Source information =
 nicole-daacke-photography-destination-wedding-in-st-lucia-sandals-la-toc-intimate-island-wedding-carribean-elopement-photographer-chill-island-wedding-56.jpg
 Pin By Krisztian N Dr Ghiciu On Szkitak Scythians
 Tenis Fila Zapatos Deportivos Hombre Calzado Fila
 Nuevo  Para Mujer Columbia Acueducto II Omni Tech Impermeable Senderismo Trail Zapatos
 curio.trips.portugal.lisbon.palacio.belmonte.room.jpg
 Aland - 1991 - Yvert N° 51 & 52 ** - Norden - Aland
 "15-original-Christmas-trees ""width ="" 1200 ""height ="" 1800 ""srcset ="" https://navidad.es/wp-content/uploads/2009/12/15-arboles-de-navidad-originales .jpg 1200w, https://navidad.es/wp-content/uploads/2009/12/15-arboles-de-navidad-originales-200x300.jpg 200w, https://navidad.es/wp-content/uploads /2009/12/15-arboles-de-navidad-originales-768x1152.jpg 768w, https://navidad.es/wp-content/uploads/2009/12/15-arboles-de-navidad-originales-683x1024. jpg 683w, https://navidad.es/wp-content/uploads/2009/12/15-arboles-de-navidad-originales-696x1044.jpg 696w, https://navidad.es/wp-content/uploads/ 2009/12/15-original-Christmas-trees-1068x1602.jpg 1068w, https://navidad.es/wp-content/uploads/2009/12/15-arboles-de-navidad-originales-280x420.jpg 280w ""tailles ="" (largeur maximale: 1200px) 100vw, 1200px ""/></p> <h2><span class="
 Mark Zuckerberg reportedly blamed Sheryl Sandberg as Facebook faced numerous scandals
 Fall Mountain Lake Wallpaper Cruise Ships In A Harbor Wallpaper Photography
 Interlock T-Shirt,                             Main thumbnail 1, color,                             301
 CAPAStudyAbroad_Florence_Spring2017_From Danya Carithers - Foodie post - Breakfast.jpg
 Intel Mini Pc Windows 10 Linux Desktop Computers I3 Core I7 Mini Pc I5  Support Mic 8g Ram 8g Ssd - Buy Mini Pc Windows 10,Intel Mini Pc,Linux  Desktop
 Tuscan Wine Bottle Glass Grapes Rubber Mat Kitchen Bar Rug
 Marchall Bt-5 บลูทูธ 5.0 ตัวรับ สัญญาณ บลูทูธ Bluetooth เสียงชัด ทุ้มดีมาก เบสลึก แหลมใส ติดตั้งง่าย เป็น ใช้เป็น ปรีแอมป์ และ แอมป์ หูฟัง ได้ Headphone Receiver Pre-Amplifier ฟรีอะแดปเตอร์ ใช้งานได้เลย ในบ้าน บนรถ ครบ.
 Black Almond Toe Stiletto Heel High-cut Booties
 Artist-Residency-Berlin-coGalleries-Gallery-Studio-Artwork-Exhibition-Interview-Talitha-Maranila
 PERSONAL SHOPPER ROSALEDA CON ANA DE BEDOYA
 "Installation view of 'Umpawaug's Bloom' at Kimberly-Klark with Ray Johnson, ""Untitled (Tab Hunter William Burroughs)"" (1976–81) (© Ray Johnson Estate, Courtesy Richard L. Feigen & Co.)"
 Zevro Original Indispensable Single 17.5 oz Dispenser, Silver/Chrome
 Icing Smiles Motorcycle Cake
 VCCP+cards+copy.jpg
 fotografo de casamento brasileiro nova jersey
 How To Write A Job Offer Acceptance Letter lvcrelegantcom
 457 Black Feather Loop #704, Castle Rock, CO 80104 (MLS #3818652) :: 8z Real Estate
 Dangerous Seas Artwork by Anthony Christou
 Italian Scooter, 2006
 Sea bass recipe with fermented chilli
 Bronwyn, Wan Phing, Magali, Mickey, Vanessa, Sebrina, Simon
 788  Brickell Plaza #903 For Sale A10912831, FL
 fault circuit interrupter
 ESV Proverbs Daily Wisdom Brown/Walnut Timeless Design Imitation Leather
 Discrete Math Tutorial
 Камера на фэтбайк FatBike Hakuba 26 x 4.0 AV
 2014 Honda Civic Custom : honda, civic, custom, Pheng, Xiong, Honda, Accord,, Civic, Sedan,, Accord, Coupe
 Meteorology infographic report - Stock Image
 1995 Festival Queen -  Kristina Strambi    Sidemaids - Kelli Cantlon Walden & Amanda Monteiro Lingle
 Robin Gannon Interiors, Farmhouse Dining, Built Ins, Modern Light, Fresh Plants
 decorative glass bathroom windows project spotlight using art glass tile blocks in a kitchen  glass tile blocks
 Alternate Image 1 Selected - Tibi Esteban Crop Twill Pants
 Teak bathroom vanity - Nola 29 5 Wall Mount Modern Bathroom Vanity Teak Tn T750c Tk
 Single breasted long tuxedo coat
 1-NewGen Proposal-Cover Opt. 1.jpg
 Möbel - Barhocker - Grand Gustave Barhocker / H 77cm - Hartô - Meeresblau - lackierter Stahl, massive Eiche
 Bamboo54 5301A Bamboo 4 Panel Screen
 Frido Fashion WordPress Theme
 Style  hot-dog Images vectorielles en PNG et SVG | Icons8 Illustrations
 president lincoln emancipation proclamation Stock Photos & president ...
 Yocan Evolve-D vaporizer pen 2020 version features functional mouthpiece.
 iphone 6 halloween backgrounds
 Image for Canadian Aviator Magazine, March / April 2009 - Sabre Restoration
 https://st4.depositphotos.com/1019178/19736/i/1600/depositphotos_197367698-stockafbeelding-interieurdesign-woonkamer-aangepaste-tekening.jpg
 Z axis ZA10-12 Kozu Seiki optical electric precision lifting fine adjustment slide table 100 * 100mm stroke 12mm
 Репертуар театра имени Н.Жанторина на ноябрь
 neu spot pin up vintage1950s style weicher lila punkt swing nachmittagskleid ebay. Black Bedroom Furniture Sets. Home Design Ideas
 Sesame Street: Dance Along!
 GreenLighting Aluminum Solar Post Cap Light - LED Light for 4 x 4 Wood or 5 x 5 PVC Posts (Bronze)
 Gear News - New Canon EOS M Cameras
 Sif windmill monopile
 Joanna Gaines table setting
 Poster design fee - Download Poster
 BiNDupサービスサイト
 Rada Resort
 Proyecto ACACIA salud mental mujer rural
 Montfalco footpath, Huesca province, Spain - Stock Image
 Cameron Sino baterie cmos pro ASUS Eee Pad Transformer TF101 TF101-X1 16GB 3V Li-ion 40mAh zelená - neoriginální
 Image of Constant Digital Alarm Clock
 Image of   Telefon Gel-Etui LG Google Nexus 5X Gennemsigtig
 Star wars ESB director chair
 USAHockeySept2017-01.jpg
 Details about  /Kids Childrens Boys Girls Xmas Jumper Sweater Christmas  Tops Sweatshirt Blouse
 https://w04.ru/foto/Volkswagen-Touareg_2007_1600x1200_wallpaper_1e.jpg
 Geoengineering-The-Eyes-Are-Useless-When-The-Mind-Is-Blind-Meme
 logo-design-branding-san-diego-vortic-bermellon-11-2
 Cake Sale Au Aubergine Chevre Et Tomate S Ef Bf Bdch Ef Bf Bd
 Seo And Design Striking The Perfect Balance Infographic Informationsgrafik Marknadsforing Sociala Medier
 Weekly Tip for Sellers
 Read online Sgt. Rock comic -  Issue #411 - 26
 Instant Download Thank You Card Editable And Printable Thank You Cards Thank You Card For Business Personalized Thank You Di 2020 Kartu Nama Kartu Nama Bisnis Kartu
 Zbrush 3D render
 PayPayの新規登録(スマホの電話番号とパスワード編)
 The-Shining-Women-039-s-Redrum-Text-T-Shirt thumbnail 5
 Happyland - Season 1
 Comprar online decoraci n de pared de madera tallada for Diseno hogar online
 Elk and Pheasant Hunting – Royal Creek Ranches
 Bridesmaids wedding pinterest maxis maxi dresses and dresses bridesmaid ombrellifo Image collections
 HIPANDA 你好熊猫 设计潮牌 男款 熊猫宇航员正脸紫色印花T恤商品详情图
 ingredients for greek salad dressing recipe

Exercise directions =
All that is wanted is the stretch of lines above from the one containing "Mark Zuckerberg reportedly" through the one containing "Tuscan Wine Bottle", duplicated exactly.

Response to the task =
 Mark Zuckerberg reportedly blamed Sheryl Sandberg as Facebook faced numerous scandals
 Fall Mountain Lake Wallpaper Cruise Ships In A Harbor Wallpaper Photography
 Interlock T-Shirt,                             Main thumbnail 1, color,                             301
 CAPAStudyAbroad_Florence_Spring2017_From Danya Carithers - Foodie post - Breakfast.jpg
 Intel Mini Pc Windows 10 Linux Desktop Computers I3 Core I7 Mini Pc I5  Support Mic 8g Ram 8g Ssd - Buy Mini Pc Windows 10,Intel Mini Pc,Linux  Desktop
 Tuscan Wine Bottle Glass Grapes Rubber Mat Kitchen Bar Rug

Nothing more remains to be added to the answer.